A message in general is some piece of information that one system passes to another. On one hand, publisher may make an observation, extract information from it, package entire current state into a blob, and send it out as a message. The same sequence of operations is performed at regular intervals. Examples of this model include sending a message about processes currently running on the system, clients currently connected to a server, current usage of RAM, etc. This model roughly corresponds to dump’s level 0 - consumer needs just a single message to obtain all information that publisher sent, there is no need for consumer to accumulate and merge a series of messages to get the full picture.

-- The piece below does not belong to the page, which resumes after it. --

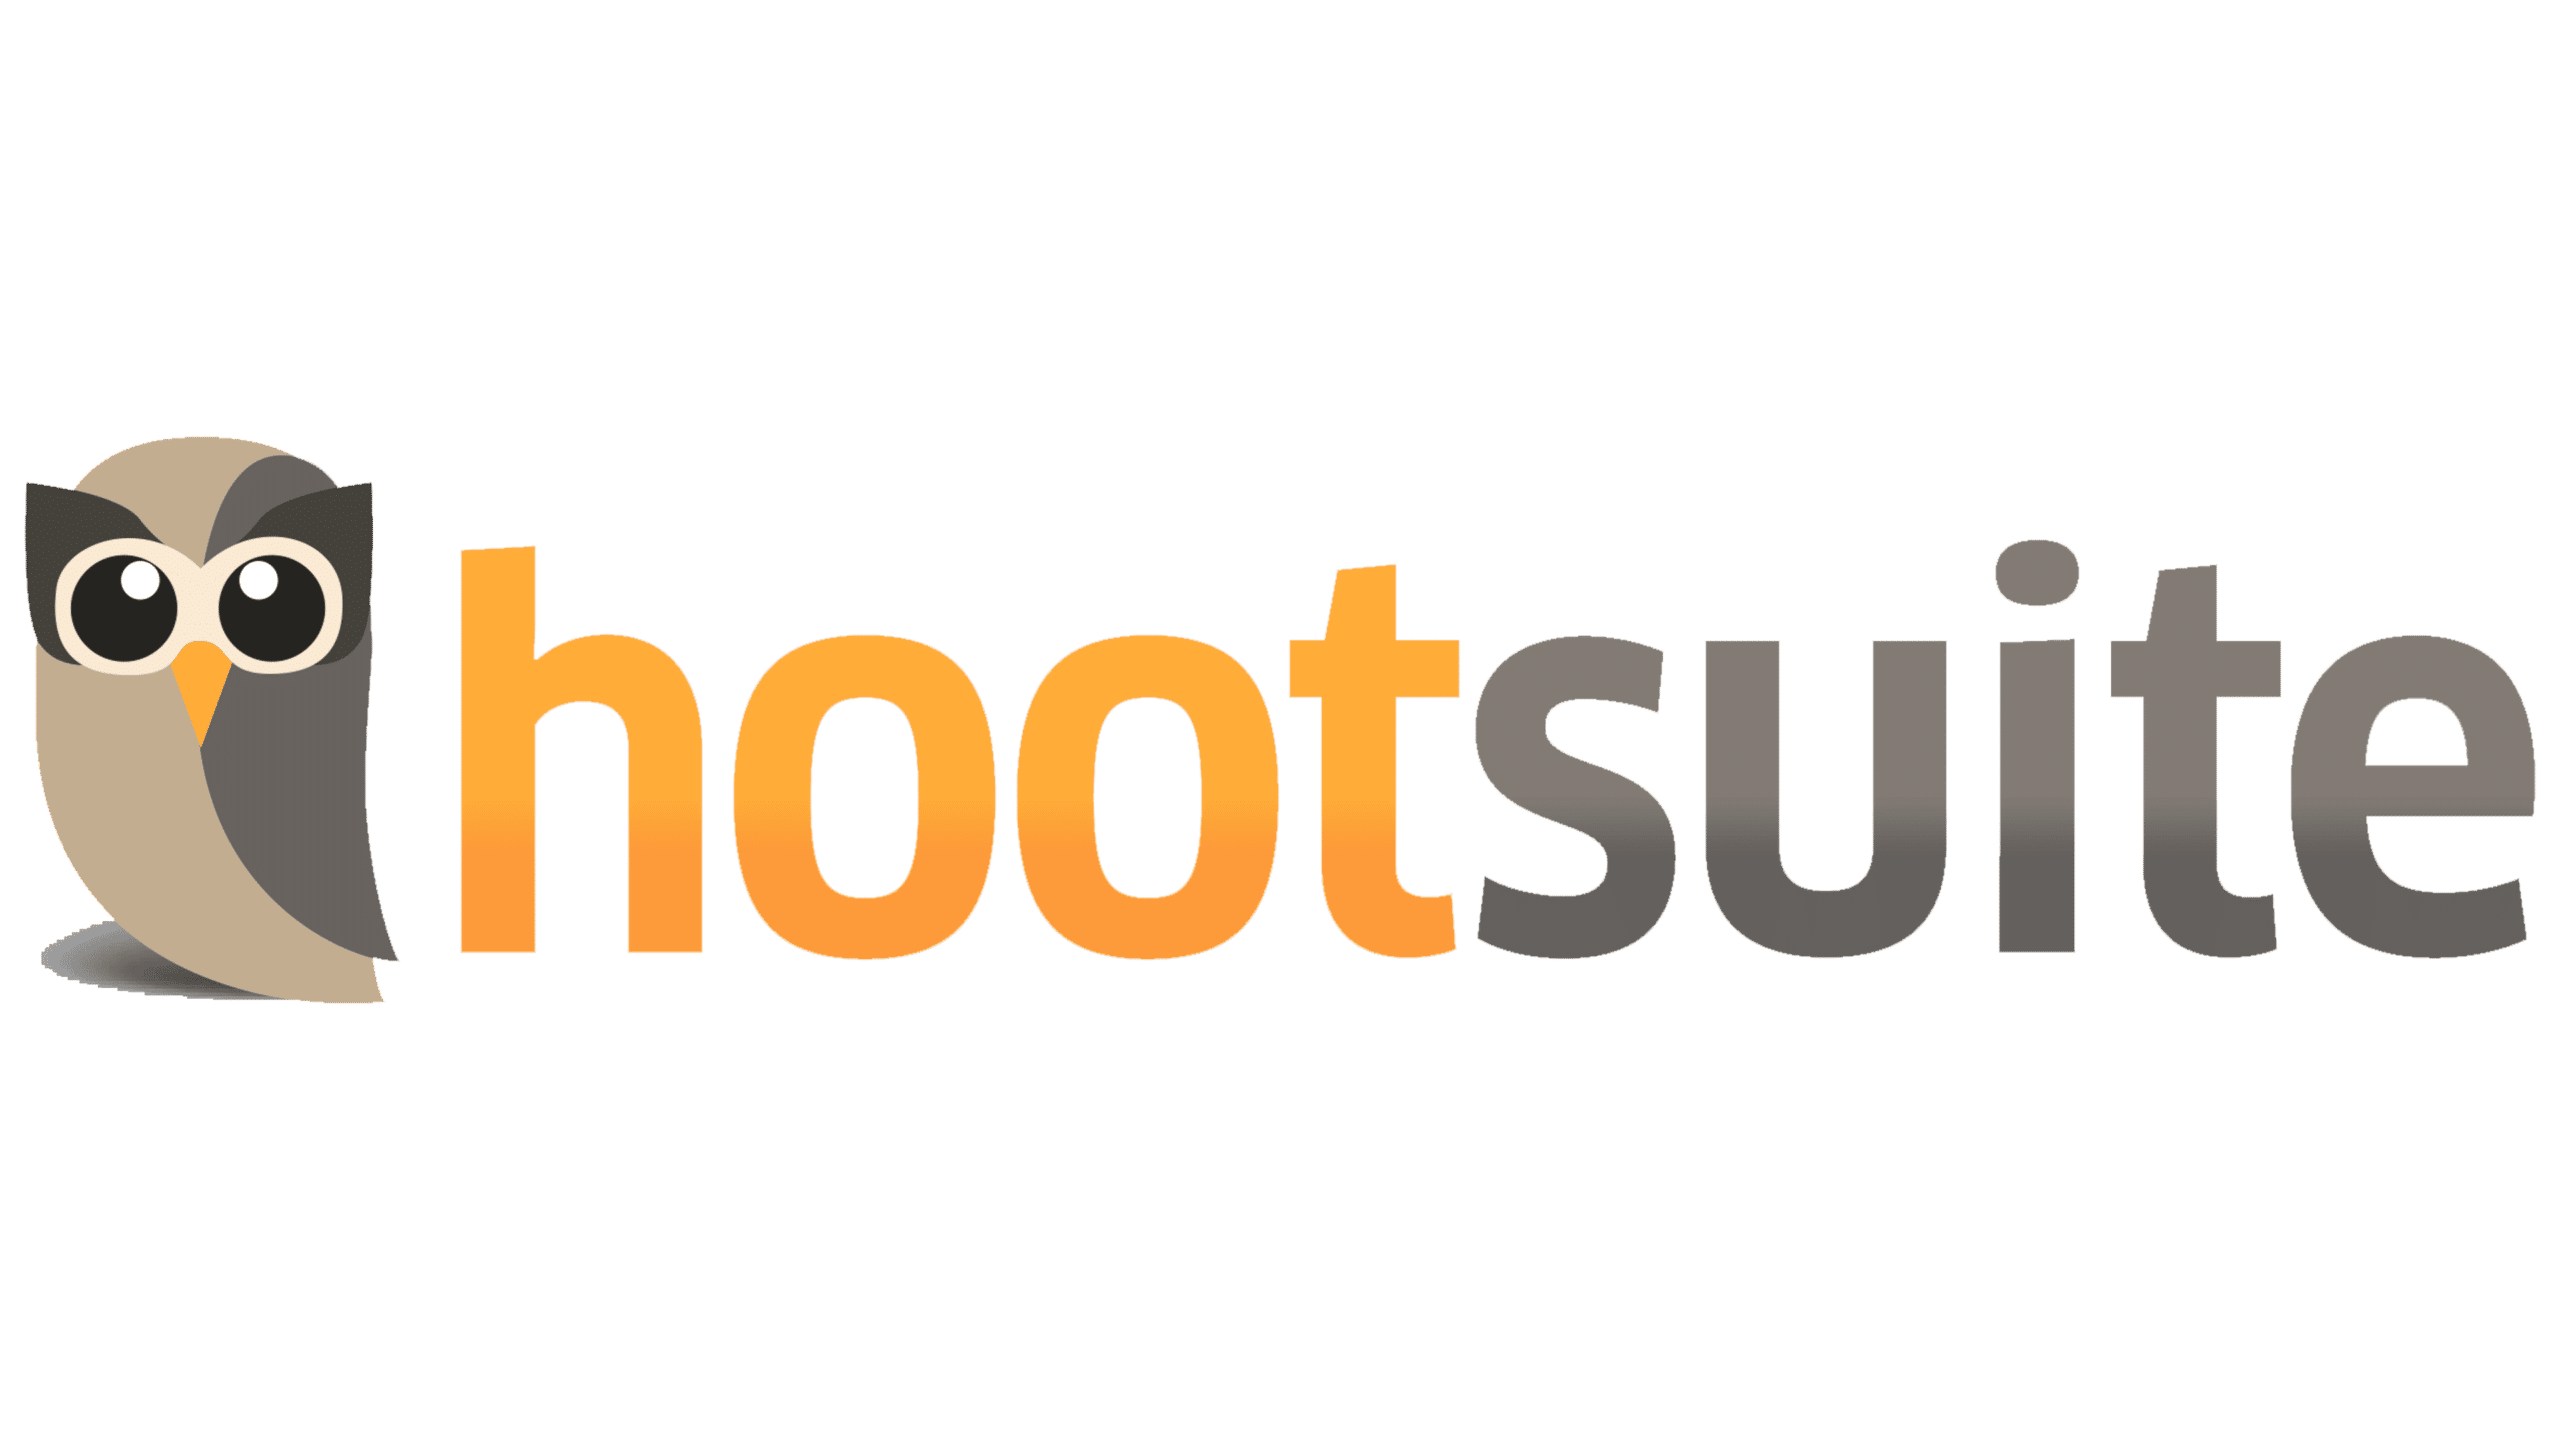 Pictory in partnership with Hootsuite

On the other hand, a publisher can send a message that contains information about a single event. For example, a new client connected, a new job got submitted to the backend, hard disk failed. This mode is more like incremental backup - a message contains only a delta, its payload doesn’t carry entire state.

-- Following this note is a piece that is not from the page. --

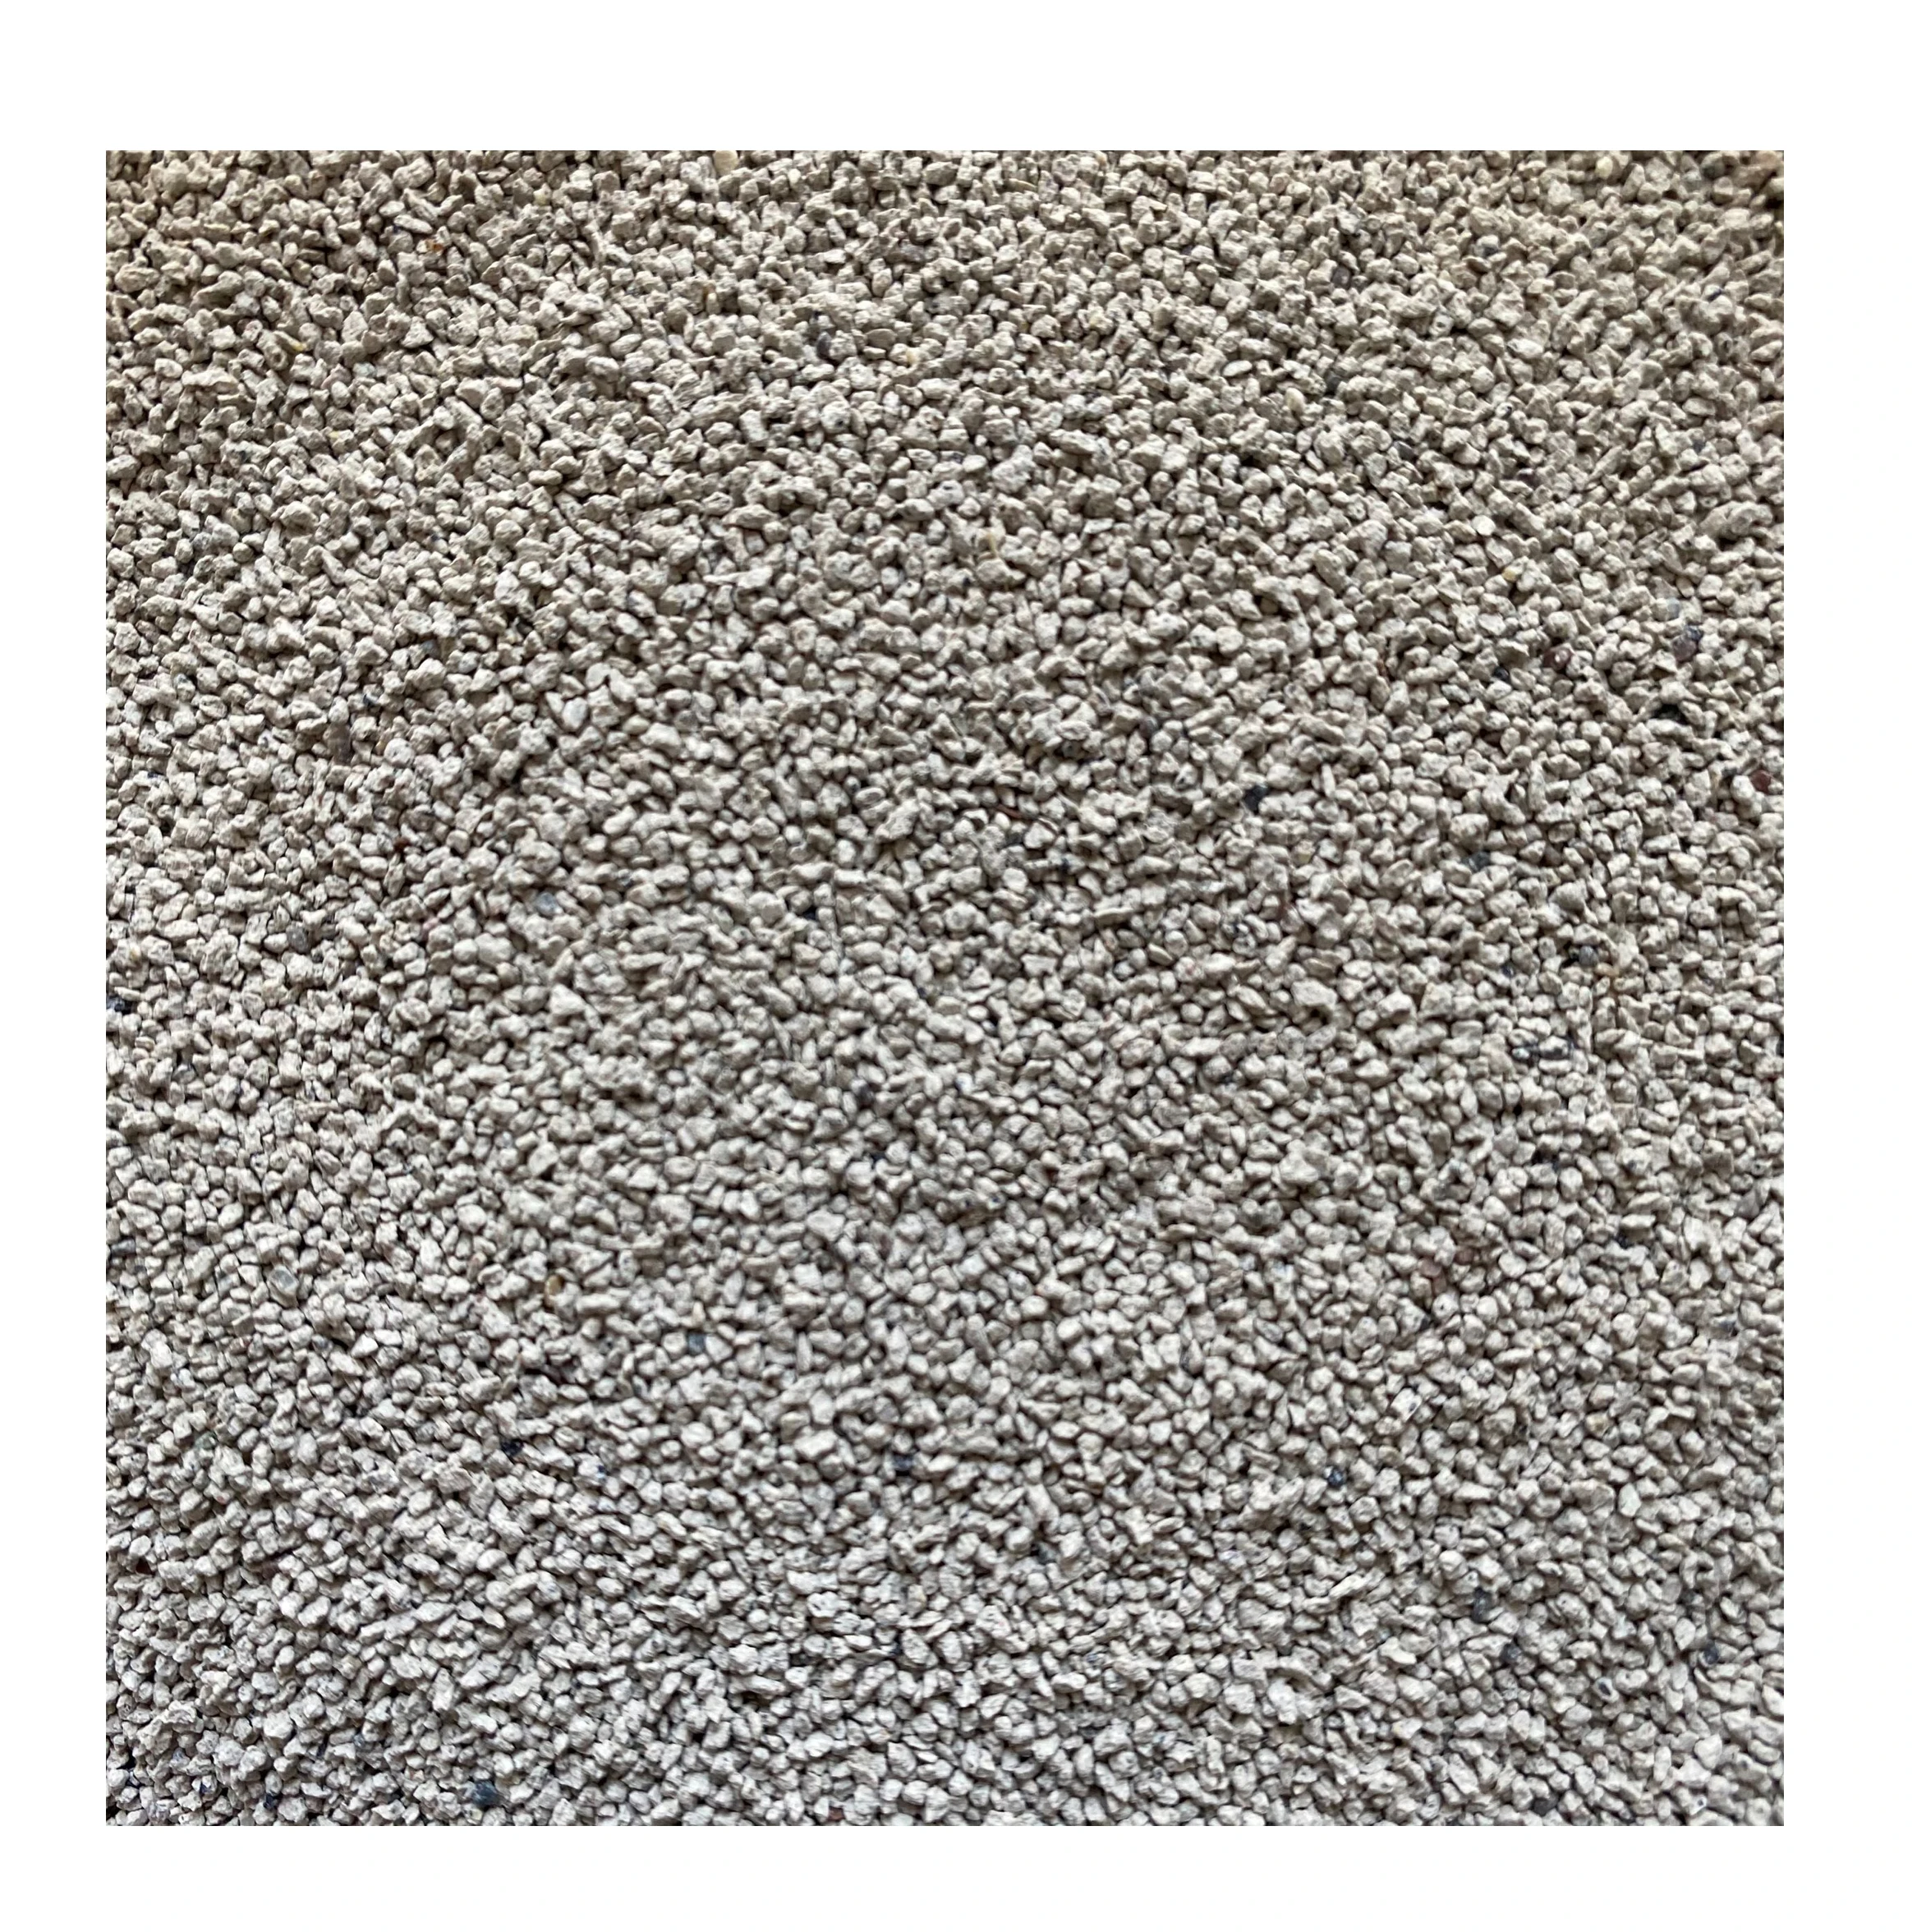 

High Quality & Best Price Bentonite Cat Litter Best Clean Cat Litter Clay Sand For Quick Clumping Bentonite Cat Litter Wholesale, Grayish, can add pink and blue beads

Each of these models has its good and bad sides. In full data model, a single message is sufficient to transfer all knowledge about current state from producer to consumer, and consumer can start reading messages at any point in the queue - by design it will catch up once it receives and processes at least one message. The downsides of this model are waste of bandwidth and processing power (if there are no changes, same contents will be transferred over and over again) and the fact that delta must be calculated by consumer (for example, having received 2 “ps auxww” outputs, consumer would have to diff them and parse the result).

Incremental data model clearly provides an easy delta and is less wasteful on resources, but requires consumer to merge multiple messages to get entire picture and as a result is sensitive to a point from which a consumer starts reading the queue.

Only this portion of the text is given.